Regarding the time complexity, we obtain that per Grover iteration we need \(6t_{128}\) many T-gates for AES-128 plus the number of T-gates needed for the 384-fold controlled NOT inside \(U_f\) and the 128-fold controlled NOT to implement the phase \((2|{0}\rangle \langle {0}|-1)\). We estimated the T-counts of these two operations earlier to be 12,204 and 1,000 respectively. Overall, we have to perform \(\lfloor \frac{\pi }{4} \; 2^{k/2} \rfloor \) iterations, i.e., we obtain for the overall T-gate count for Grover on AES-128 the estimate of

$$\begin{aligned} \left\lfloor \frac{\pi }{4} \; 2^{64} \right\rfloor \cdot \big (6 t_{128} + 13,204\big ) = 9.24 \cdot 10^{25} = 1.19 \cdot 2^{86} \end{aligned}$$

many T-gates. Similarly, we can estimate the number of Clifford gates which for simplicity we just assume to be \(6 c_{128}\), ignoring some of the Clifford gates used during the rounds. For AES-192 we have to perform \(\lfloor \frac{\pi }{4} \; 2^{96} \rfloor \) iterations and for AES-256 we have to perform \(\lfloor \frac{\pi }{4} \; 2^{128} \rfloor \) iterations. For the T-count of the controlled operations we obtained \(16,300+1,512=17,812\) and \(20,396+2024=22,420\) earlier. Overall, this gives for Grover on AES-192 the estimate of \(3.75 \cdot 10^{36} = 1.81 \cdot 2^{114}\) many T-gates and for Grover on AES-256 the estimate of \(4.03 \cdot 10^{45} = 1.41 \cdot 2^{151}\) many T-gates. For the overall circuit depth we obtain the number of rounds times 2 times \(\delta _k\), respectively \(\varDelta _k\), ignoring some of the gates which do not contribute significantly to the bottom line. The overall quantum resource estimates are given in Table 5.

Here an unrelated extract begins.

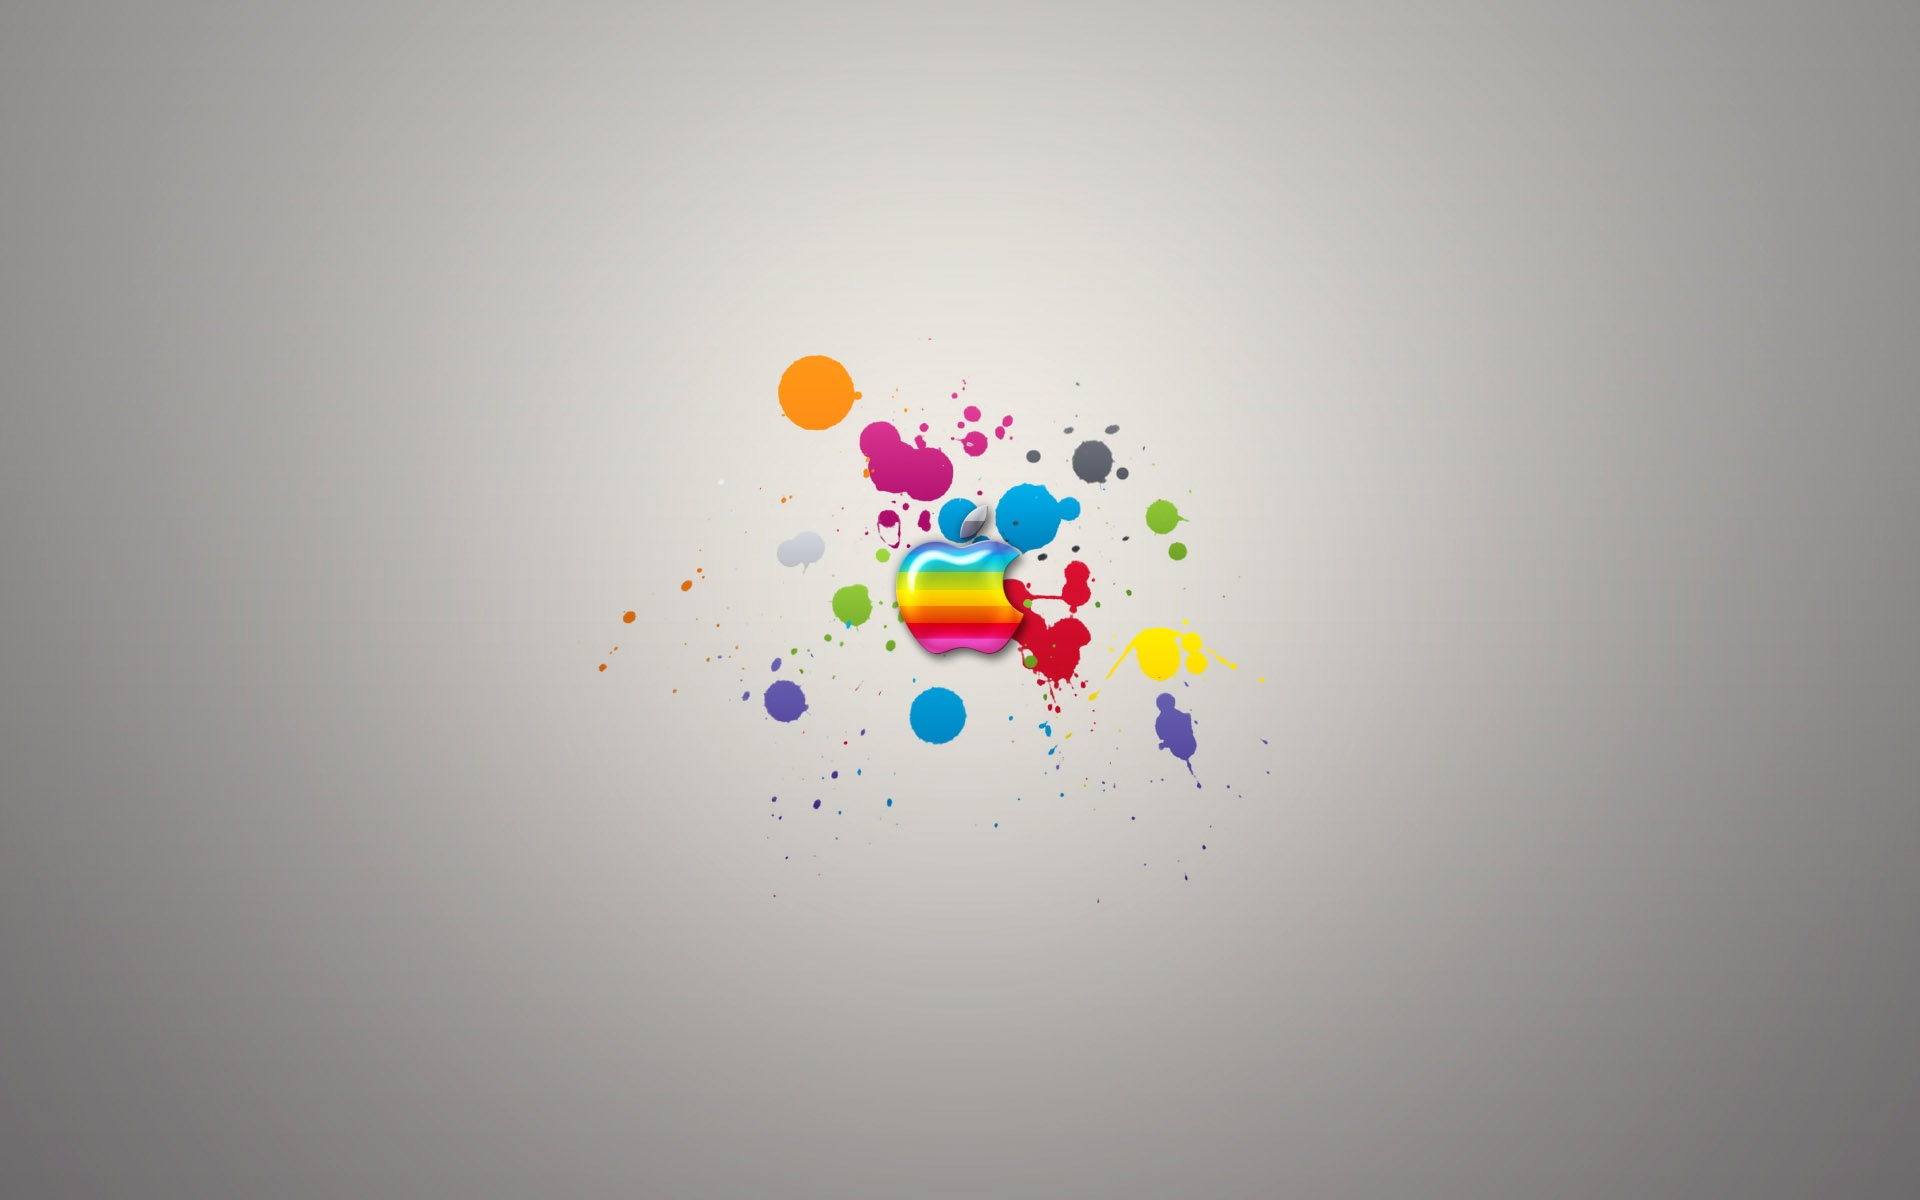 Download Wallpaper x Apple Mac Colorful Rainbow Paint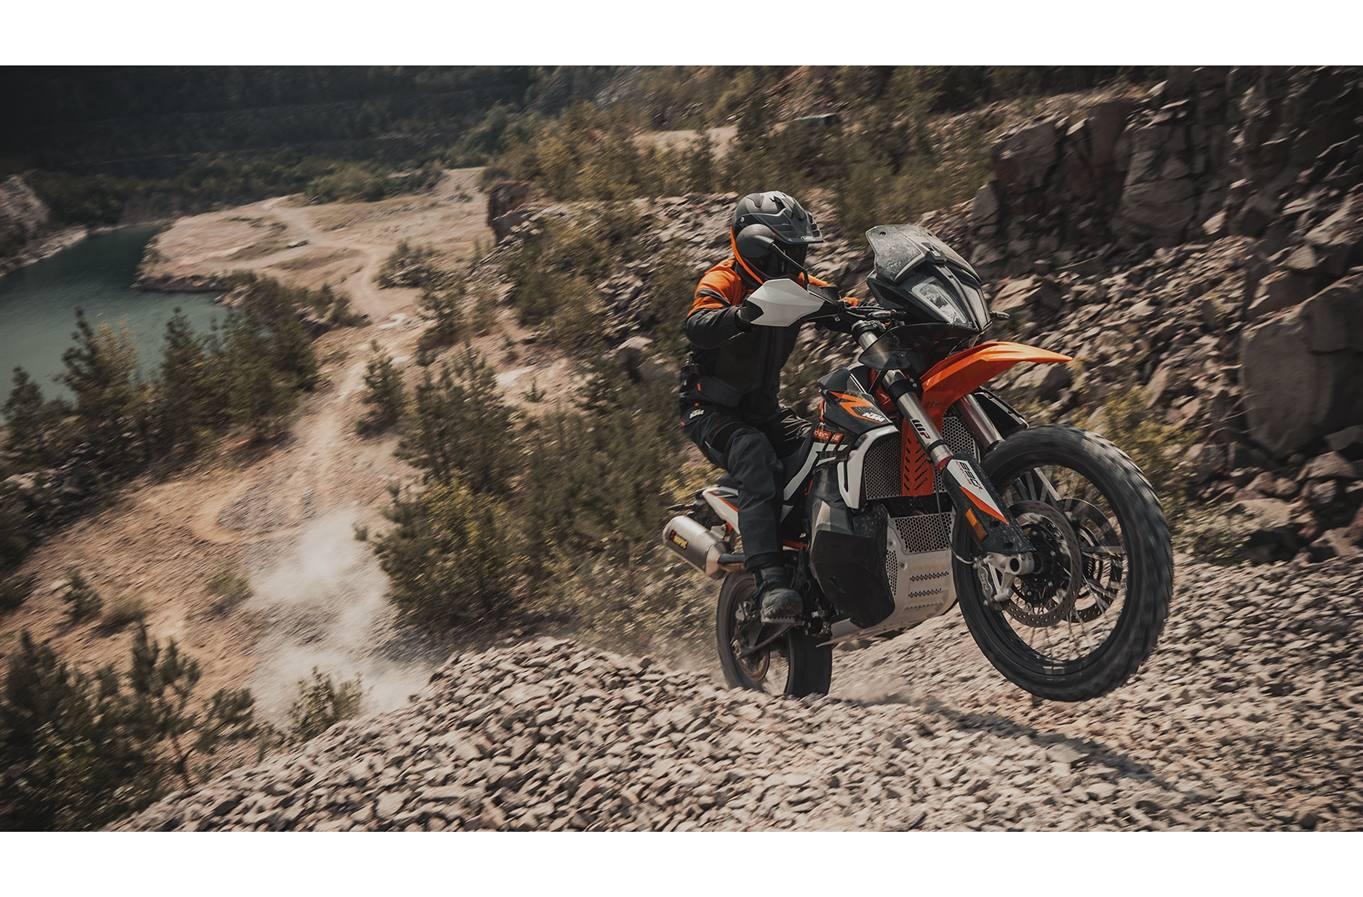 2020 KTM 390 Adventure for sale in Austin, TX. TJs Cycle

Table 5. Quantum resource estimates for Grover’s algorithm to attack AES-k, where \(k\in \{128, 192, 256\}\).

4 Conclusion

When realizing AES, only SubBytes involves T-gates. Moreover, SubBytes is called a minimum of 296 times as in AES-128 and up to 420 times in AES-256. As shown above, for all three standardized key lengths, this results in quantum circuits of quite moderate complexity. So it seems prudent to move away from 128-bit keys when expecting the availability of at least a moderate size quantum computer.

As mentioned in the context of the discussion about Grover’s algorithm in the presence of an unknown number of solutions, the implementation of the algorithms in [10] for quantum counting, [9] for general amplitude amplifications, and [30] for fixed-point quantum search might lead to space-time tradeoff implementations of the function f. This might in particular be beneficial for the circuit mentioned in [30] as this does not incur a space overhead and can deal with an unknown number of solutions, provided an upper bound on the number of solutions is known a priori. We leave the question of providing quantum resource estimations for attacking AES and other block ciphers by means of such fixed-point versions of Grover’s algorithm for future work. Also an interesting area of future research is the resource cost estimation of recently proposed quantum linear and differential cryptanalysis [17].